Former Trump Tower in Azerbaijan, Dogged by Controversy, Is Engulfed by Fire

The Trump Organization withdrew its licensing agreement for the Baku skyscraper shortly after the 2016 election, as it promised to wind down international projects that could pose conflicts of interest to the president.
Mr. Trump had partnered in the development with the son of a former minister of transportation in the oil-rich former Soviet state.
The Trump-branded hotel never opened, but it was dogged by controversy. Mr. Trump cut the deal despite allegations by United States diplomats that the minister had dealings with front companies for the Iranian Revolutionary Guards and was corrupt.
After the New Yorker article was published in 2017, Senator Dianne Feinstein, Democrat of California, was among lawmakers who wrote to Treasury Secretary Steven T. Mnuchin; Attorney General Jeff Sessions; and James B. Comey, then director of the F.B.I., seeking an investigation into the issues raised in the article.
The planned hotel had been under construction since 2008 and was nearing completion when Mr. Trump announced the licensing agreement six months before joining the presidential race in 2015.
His partner was Anar Mammadov, the billionaire son of the country’s former minister of transportation, Ziya Mammadov. In a diplomatic cable leaked in 2009, American diplomats described the father as “notoriously corrupt, even for Azerbaijan.”

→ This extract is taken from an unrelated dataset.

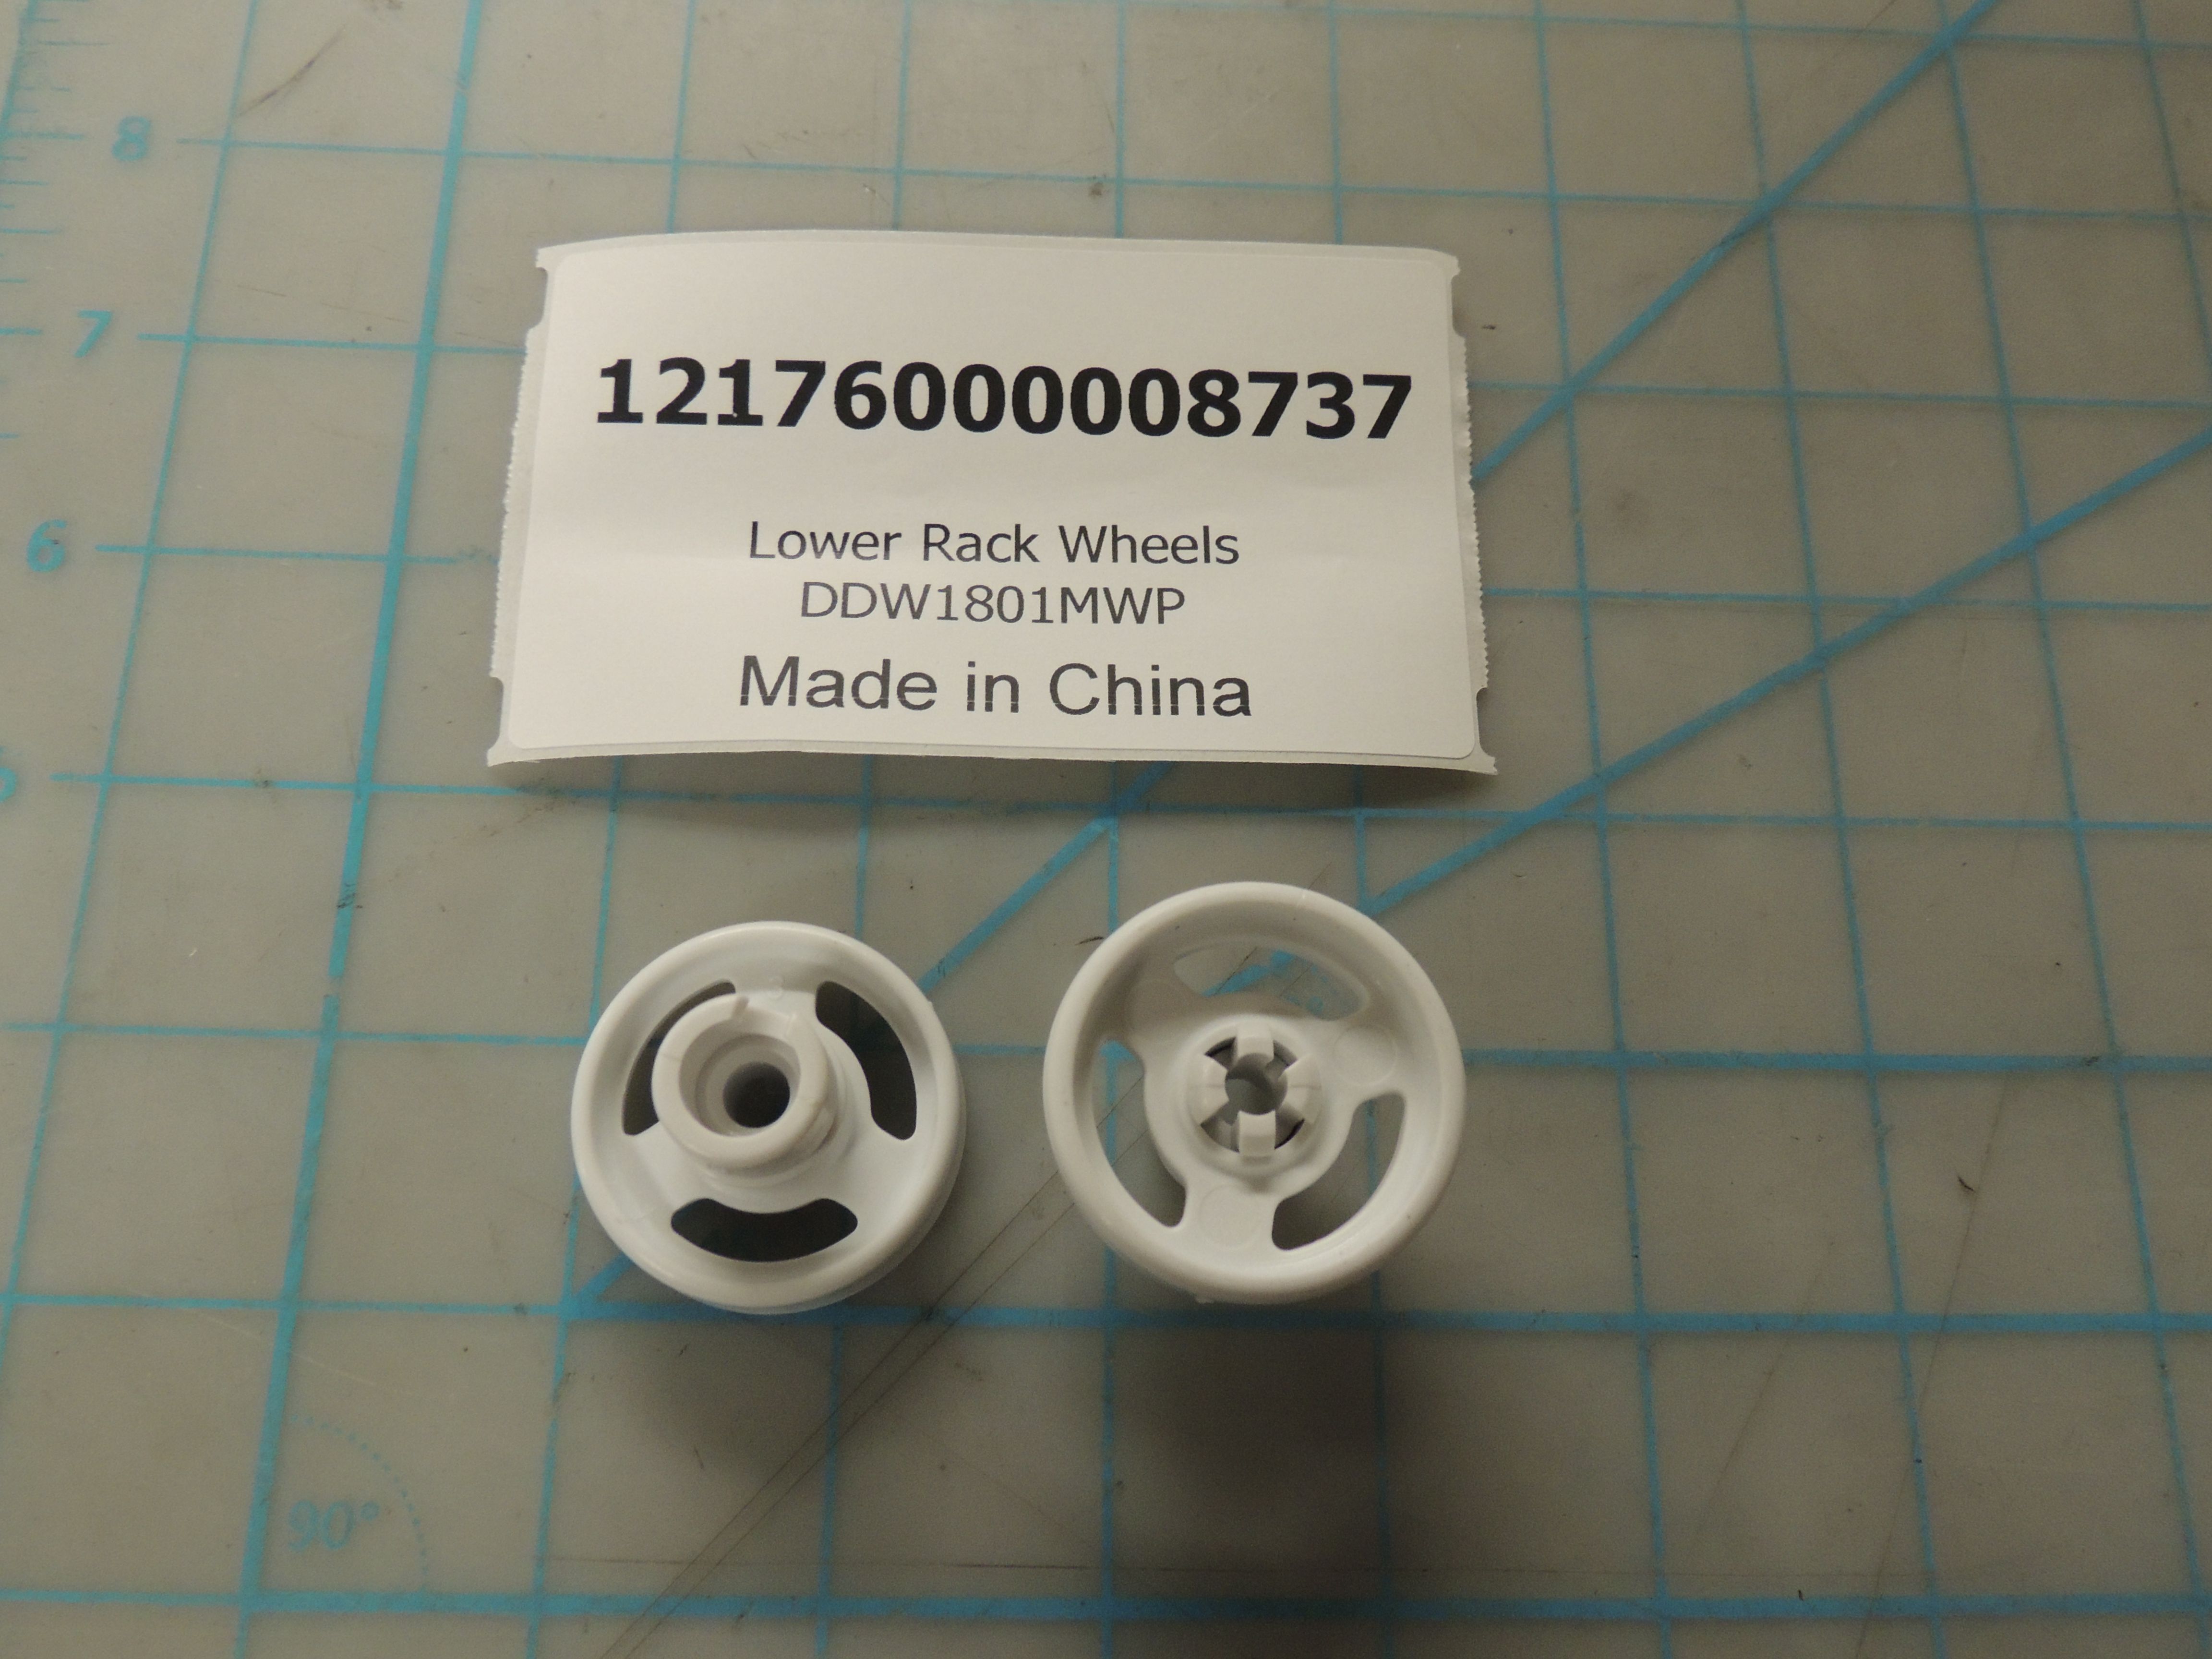 Lower Rack Wheel DDW1801MWP

The cable also accused the former minister of awarding highway construction projects to a onetime senior Iranian military official in the Revolutionary Guards.
“We assume Mammadov is a silent partner in these contracts,” the diplomatic cable said.
A lawyer for the Trump Organization told The Associated Press for an article published in June 2016 that the organization had been unaware of the corruption accusations and the Iranian links of the Mammadov family, but that it postponed the project that year for economic reasons.
The Trump Organization pulled out of the deal that December and dropped a host of other overseas projects after the election.